Это было очень давно, но я вспомнил это. Брат Трухачевского, я помню, раз на вопрос о том, посещает ли он публичные дома, сказал, что порядочный человек не станет ходить туда, где можно заболеть, да и грязно и гадко, когда всегда можно найти порядочную женщину. И вот он, его брат, нашел мою жену. «Правда, она уже не первой молодости, зуба одного нет сбоку, и есть пухлость некоторая, — думал я за него, — но что же делать, надо пользоваться тем, что есть». — «Да, он делает снисхождение ей, что берет ее своей любовницей, — говорил я себе. — Притом она безопасна». — «Нет, это невозможно! Что я думаю! — ужасаясь, говорил я себе. — Ничего, ничего подобного нет. И нет даже никаких оснований что-нибудь предполагать подобное. Разве она не говорила мне, что ей унизительна даже мысль о том, что я могу ревновать к нему?
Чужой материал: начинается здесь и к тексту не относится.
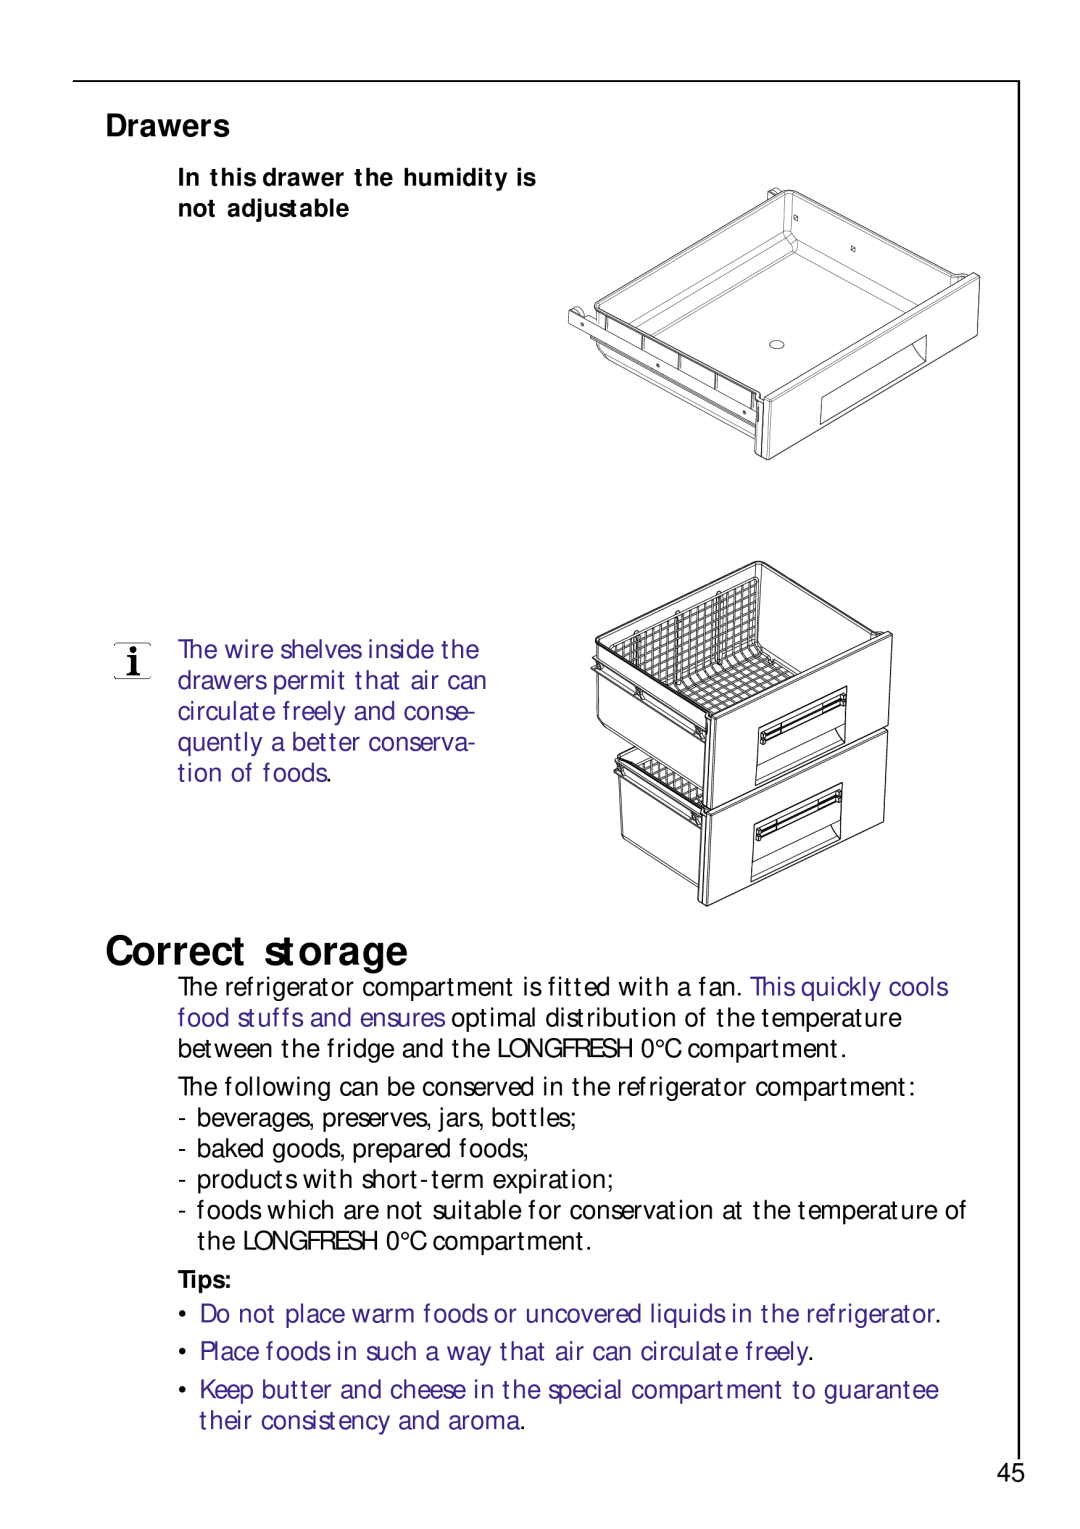 Electrolux Z 9 18 42-4 I user manual Correct storage, Drawers, In this drawer the humidity is not adjustable, Tips

Да, но она лжет, всё лжет!» — вскрикивал я — и начиналось опять… Пассажиров в нашем вагоне было только двое — старушка с мужем, оба очень неразговорчивые, и те вышли на одной из станций, и я остался один. Я был как зверь в клетке: то я вскакивал, подходил к окнам, то, шатаясь, начинал ходить, стараясь подогнать вагон; но вагон со всеми лавками и стеклами всё точно так же подрагивал, вот как наш…

И Позднышев вскочил и сделал несколько шагов и опять сел.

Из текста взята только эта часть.